Lao-tzu fragt weiter: « … und wer kann durch Bewegung die Stille lebendig machen?» Wer kann die harmonische Ruhe lebendig werden lassen? Das wäre ein Hinweis auf echte Meditation. Stille und Bewegung gehören zusammen. Das taoistische Prinzip von Wu-Wei, Nicht-Tun und Tun ist überall wirksam, auch in der Meditation. Doch wer ist es, der «tut»?

Ein weiterer Hinweis ist der Satz: «Schliesse deine Sinnespforten und bewahre den Vitalgeist.» Erlaube nicht, dass deine Vitalität, die fundamentale Lebenskraft, im Hören, Sehen, Empfinden usw. verplempert wird oder sich verzettelt. Darum: Schliesse die Sinnespforten, bewahre den Vitalgeist! Dann wird die Vitalität zu reinem Bewusstsein.

Oder, wie schon gesagt, Patanjalis «Verhindere die Modifikation des Bewusstseins.» Verhindere, dass sich dein Bewusstsein in diese und jene Gedanken, dieses und jenes Gefühl, dieses und jenes Bild modifiziert. Verhindere das!

Wie man sieht, kommt es letzten Endes nicht darauf an, welcher Meditationsschule man folgt: Entweder man tritt in den Meditationszustand, ins Samādhi, ein oder nicht.

Samādhi wozu?

Man kann natürlich fragen: Wozu überhaupt meditieren, wozu Samādhi anstreben? Darauf könnte man antworten: «Damit man sein wirkliches, wahres Wesen, sein wahres Selbst entdeckt», – das wahre Selbst ist nicht das, was da so denkt und fühlt und tut – «damit man nicht andauernd gefangen ist in allen möglichen Vorstellungen, Gedanken, Empfindungen usw.»

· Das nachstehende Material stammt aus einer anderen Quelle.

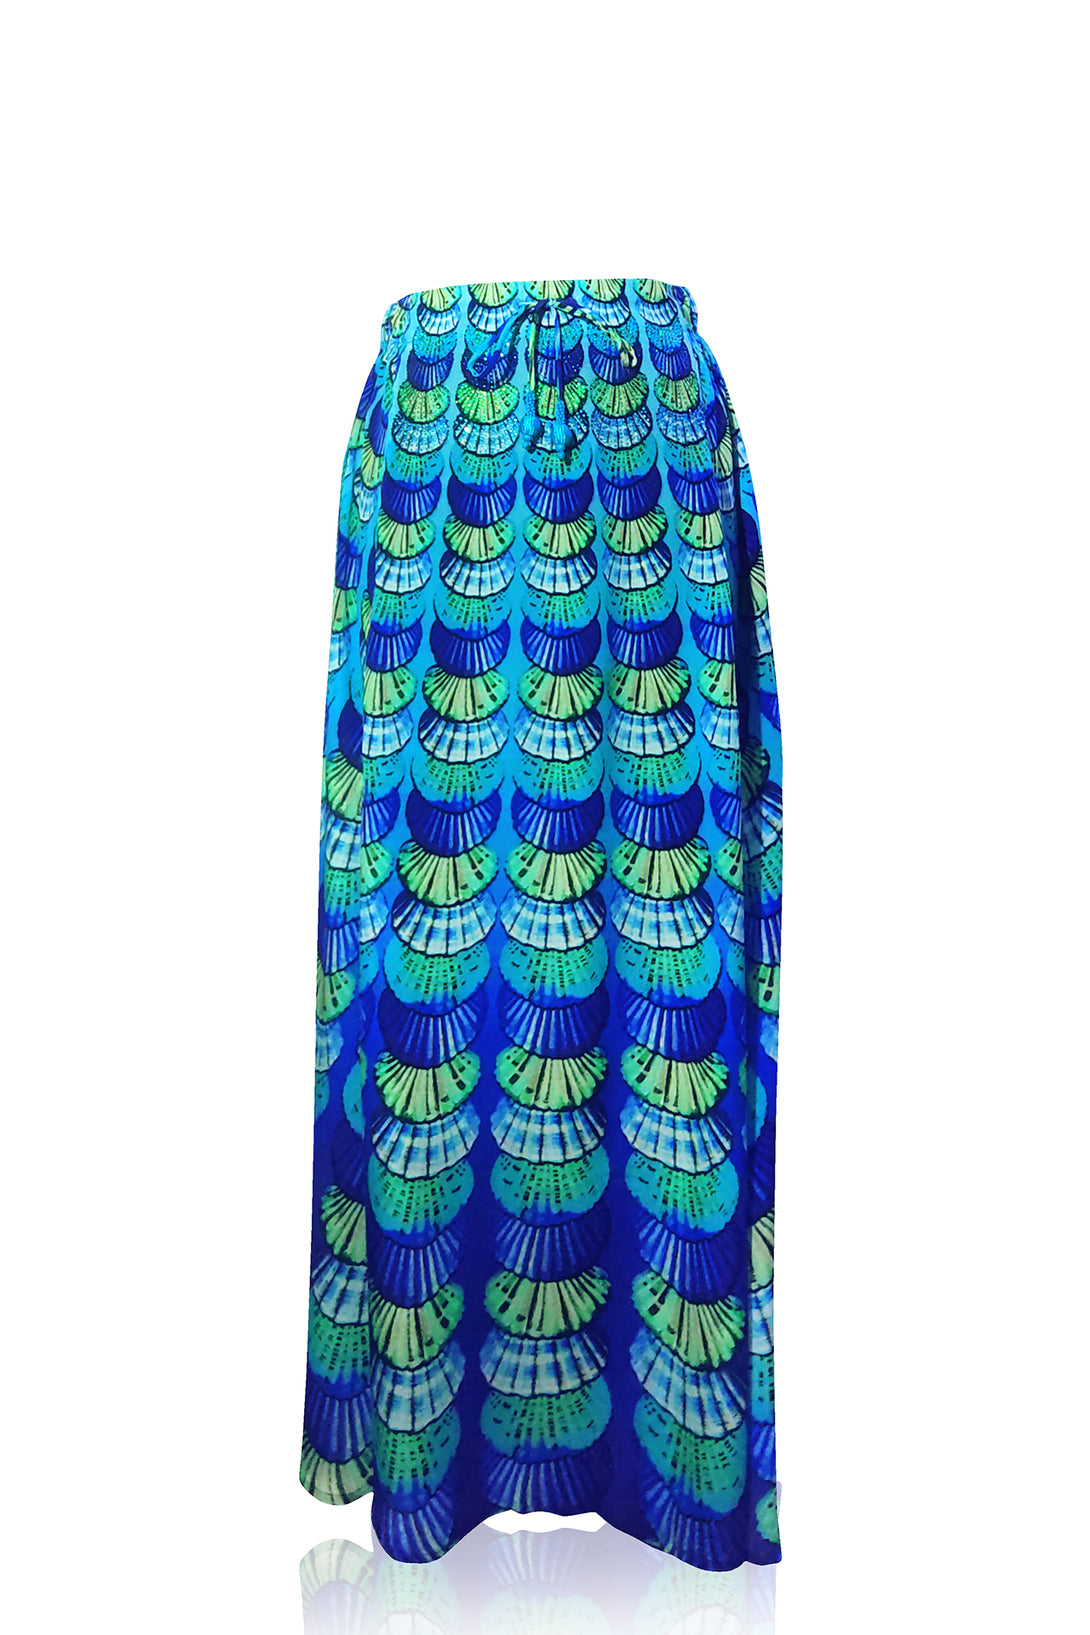 "multi coloured pleated skirts" "Shahida Parides" "floor length skirt" "skirts long maxi"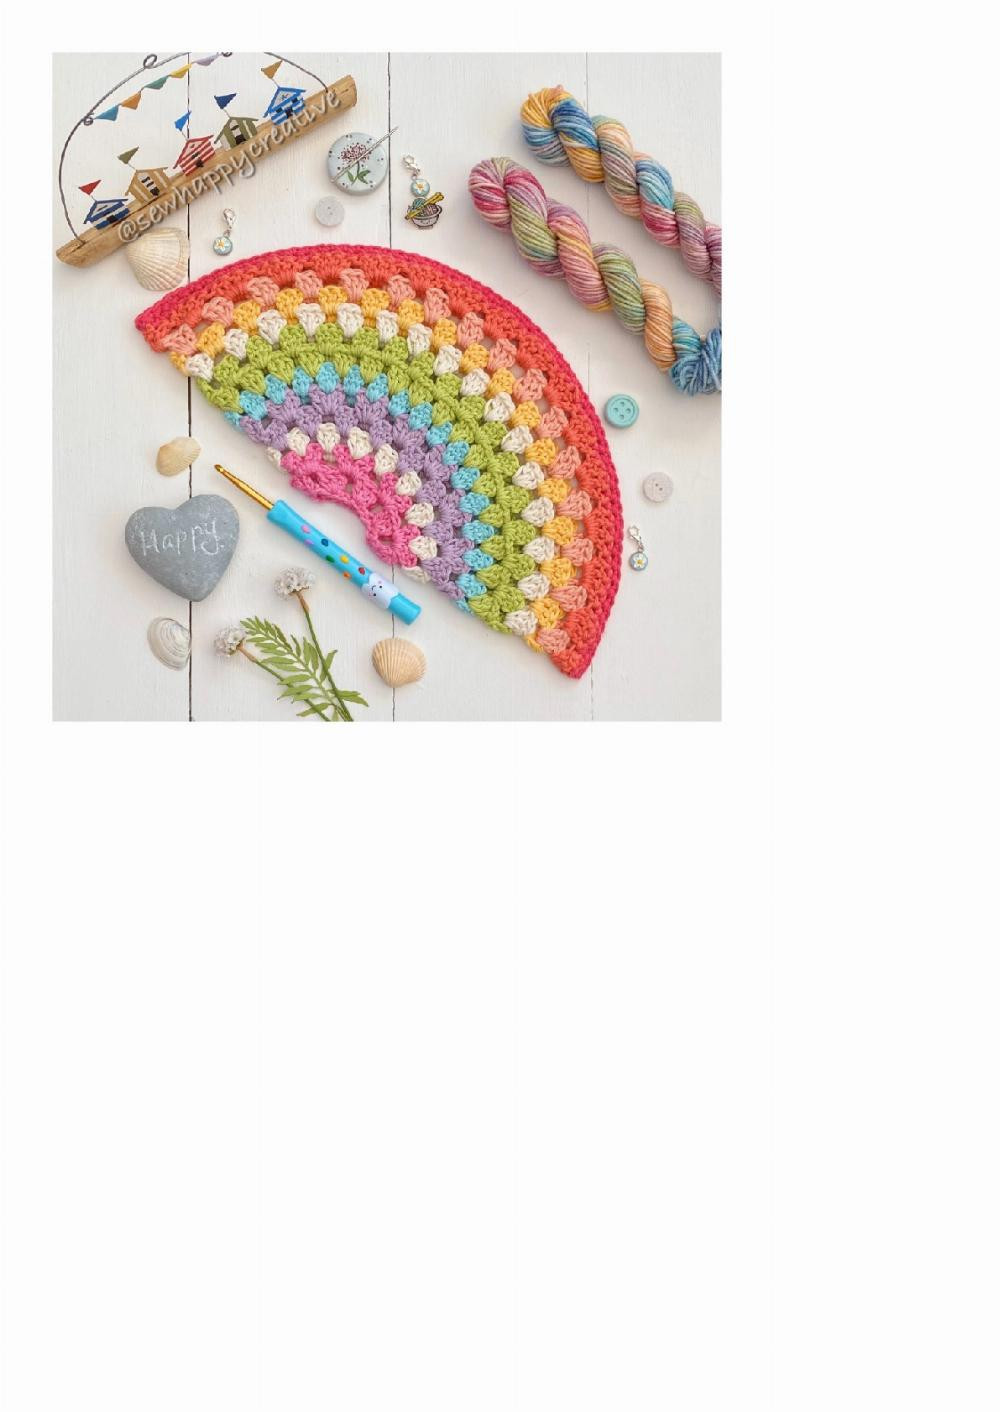 Granny Rainbow crochet pattern

Wenn man identifiziert ist mit den Vorgängen, kommt man nicht zur Erkenntnis des wirklichen Selbst. Man verliert das wahrhaftige Selbst in den Gedanken und Gefühlen und all dem, was sich abspielt in einem.

Wir sagen: «Meine Gedanken, meine Empfindungen, meine Gefühle…». Woher kommen diese Gedanken, Empfindungen, Gefühle? Das sollte man sich einmal überlegen. Was ist es denn überhaupt, dass sich dieser Gefühle, Empfindungen, Gedanken gewahr ist?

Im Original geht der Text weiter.